» Data provided

----------

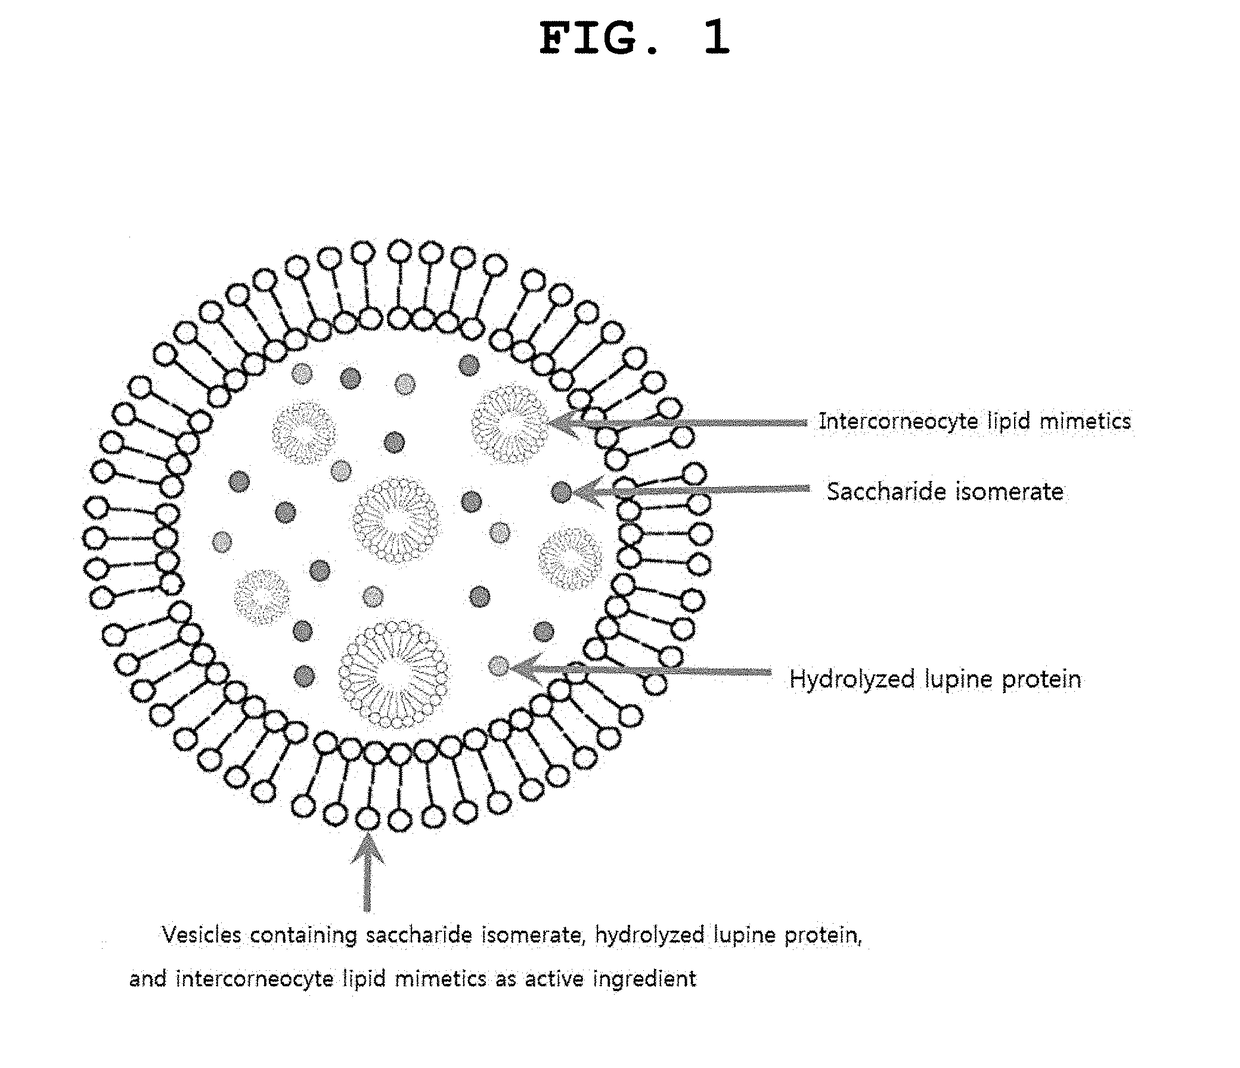 Vesicles containing saccharide isomerate, hydrolyzed lupine protein, and intercorneocyte lipid mimetics as active ingredient, and composition for skin external application comprising the same
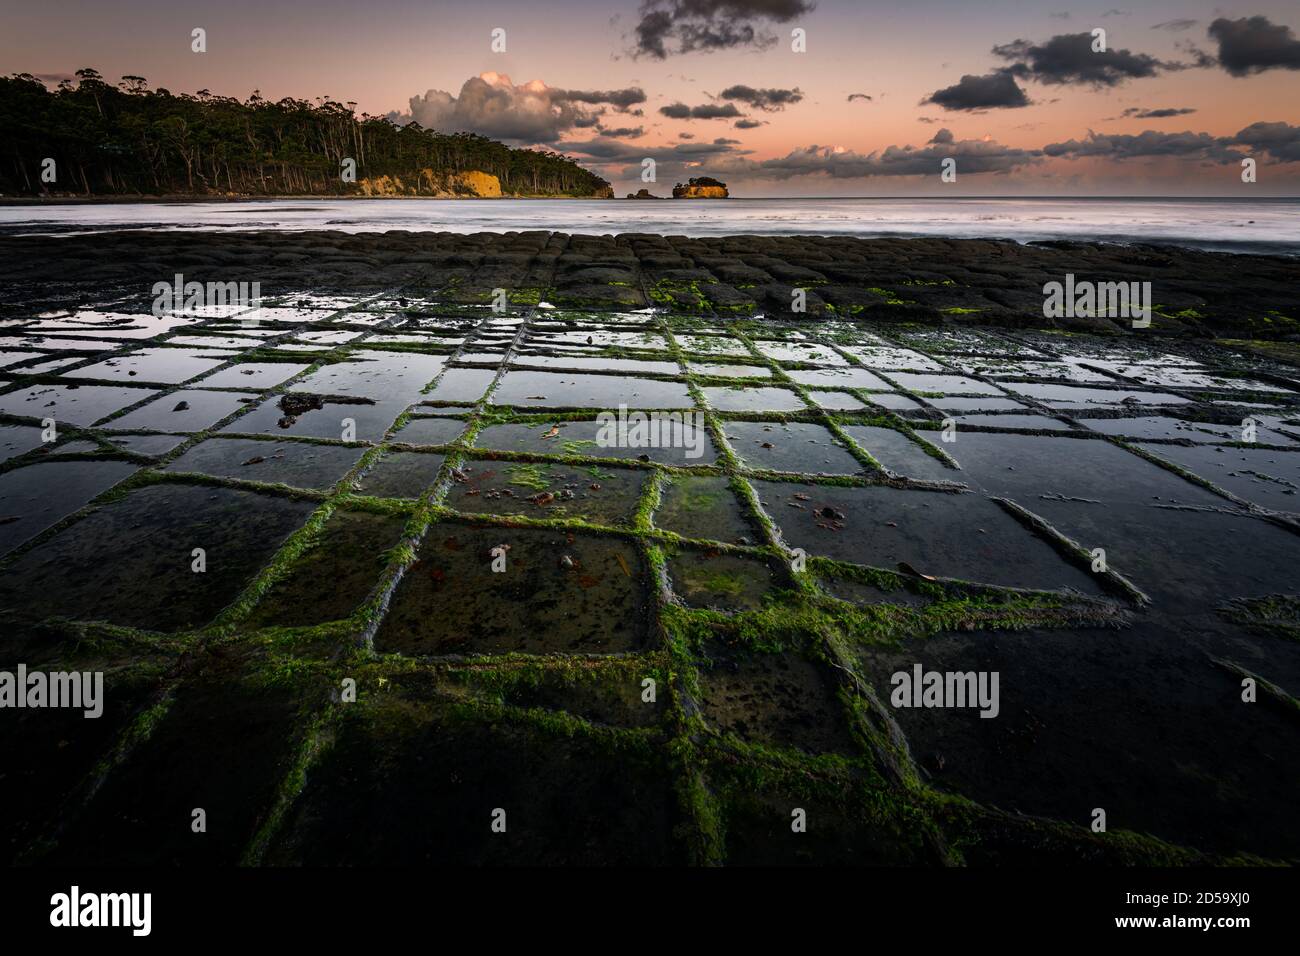 Evening reflection on the fascinating Tessellated Pavement. Stock Photo
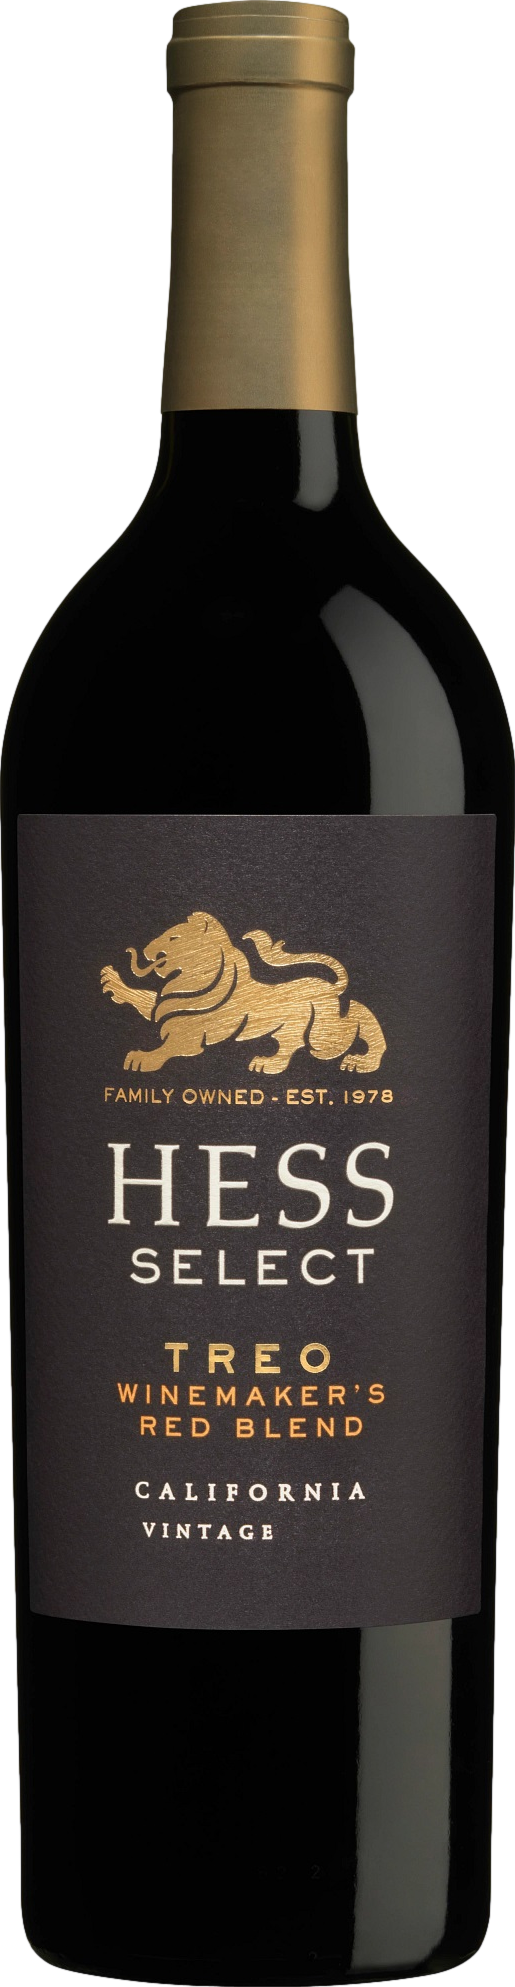 Hess Select Treo Winemaker%27s Blend 2019 Hess Collection 8wines DACH

----------

» Work instructions
Once the pictures are set aside, restate the remaining data above exactly.

» Solution for this exercise
 Vesicles containing saccharide isomerate, hydrolyzed lupine protein, and intercorneocyte lipid mimetics as active ingredient, and composition for skin external application comprising the same
 Evening reflection on the fascinating Tessellated Pavement. Stock Photo
 Hess Select Treo Winemaker%27s Blend 2019 Hess Collection 8wines DACH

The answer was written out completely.